For each connected GitHub or GitLab organisation, Pilot:

  1. Lists the org’s repositories (you choose which to scan).
  2. Walks the full commit history of each scanned repo — secrets in deleted files, removed lines, and historic branches all count.
  3. Matches every file/blob against Pilot’s secret pattern catalogue (AWS keys, Slack tokens, Stripe live keys, DSNs, JWTs, vendor API keys — see Findings & secrets for the catalogue scope).
  4. Runs the same automated triage as crawl-derived secrets — probable_fp, public_by_design, or real_secret.
  5. Surfaces matches in Vulnerabilities → Secrets with a repo source badge so you can filter by where the secret lives.

Setup

Code Security needs scoped access to the repos you want scanned. Pilot supports two flows:

A first-party GitHub App that you install on the org with Contents: read scope on the repos you choose. No admin tokens, no broad permissions. Re-scopable at any time from GitHub’s app management page.

  1. Code Security → Add connection → GitHub.
  2. Click Install on GitHub. Pick the org. Pick which repos.
  3. Confirm. Pilot returns to the Code Security page and starts discovering the connected repos.
  4. Select repos to scan + click Scan now, or let the default scheduled scan pick them up.

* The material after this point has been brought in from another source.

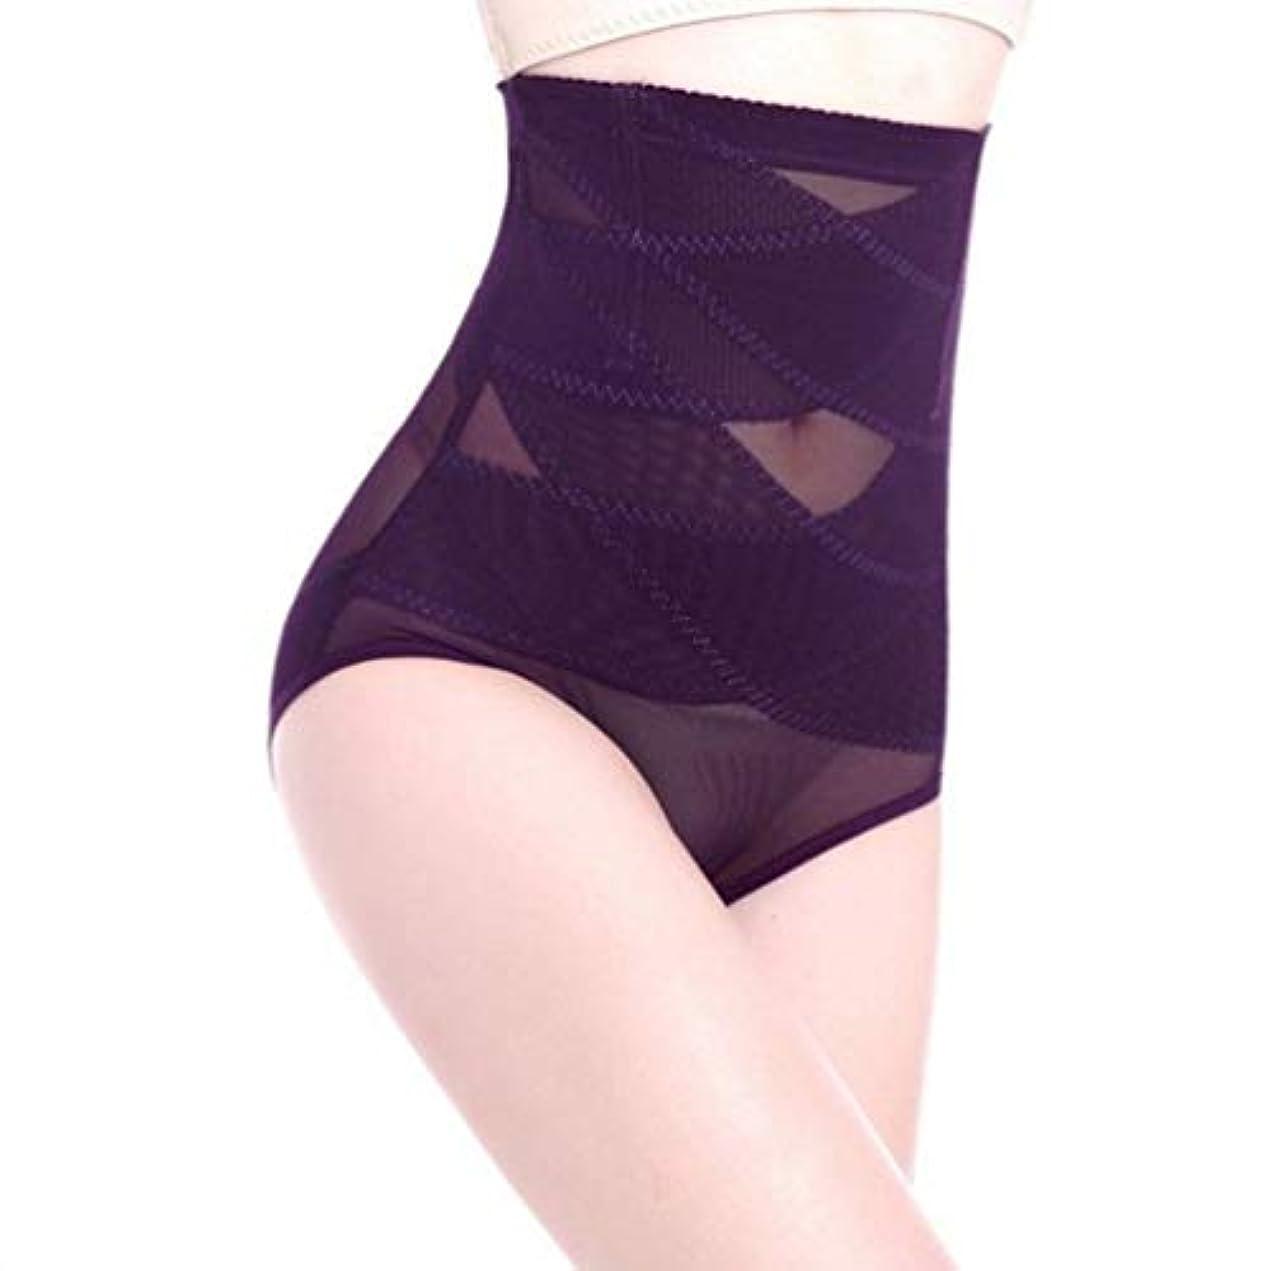 ワードローブ火炎知覚通気性のあるハイウエスト女性痩身腹部コントロール下着シームレスおなかコントロールパンティーバットリフターボディシェイパー - パープル3 XL

GitLab personal access token

For GitLab orgs (where the app flow isn’t currently supported), use a PAT with read_repository scope.

  1. In GitLab: create a PAT with read_repository only. Note the value; you’ll paste it once.
  2. Code Security → Add connection → GitLab.
  3. Paste the PAT + your GitLab URL (gitlab.com or self-hosted).
  4. Pilot lists the projects the token can see. Select which to scan.

Tokens are encrypted at rest with the customer-scoped KMS key.

Scope per company

Each connection is bound to one company at setup. Findings, attack paths, and graph views stay scoped to that company. If you have multiple companies tracking different orgs / different GitHub installs, add one connection per (company, org) pair.

What appears where

  • Code Security page lists the connections and per-repo scan status.
  • Vulnerabilities → Secrets shows individual matches with a repo badge.
  • Attack Graph renders connected repos as repo nodes; secrets found there as secret nodes with a LEAKS edge between them.
  • Attack paths → REPO_TO_CLOUD chains a leaked cred all the way through to the cloud account it unlocks (and the speculative buckets that cloud account holds data in).

Costs & limits

  • Initial scans of a 1000-commit repo take ~30 seconds.
  • Re-scans (incremental, only new commits since last pass) take a fraction of that.
  • Pilot caches every commit’s scan result so you don’t re-scan the same SHA twice.
  • Rate-limit-aware on both GitHub and GitLab — slows down to stay under your API quota.

Removing a connection

From the Code Security page, click the connection’s gear → Remove. This:

  • Revokes Pilot’s access at the provider (GitHub installation uninstall, GitLab token forgotten).
  • Removes the secrets found by that connection from your customer data.
  • Removes the repo nodes from the attack graph for the affected company.

The connection cannot be partially scoped — adjust the underlying GitHub installation’s repo set instead.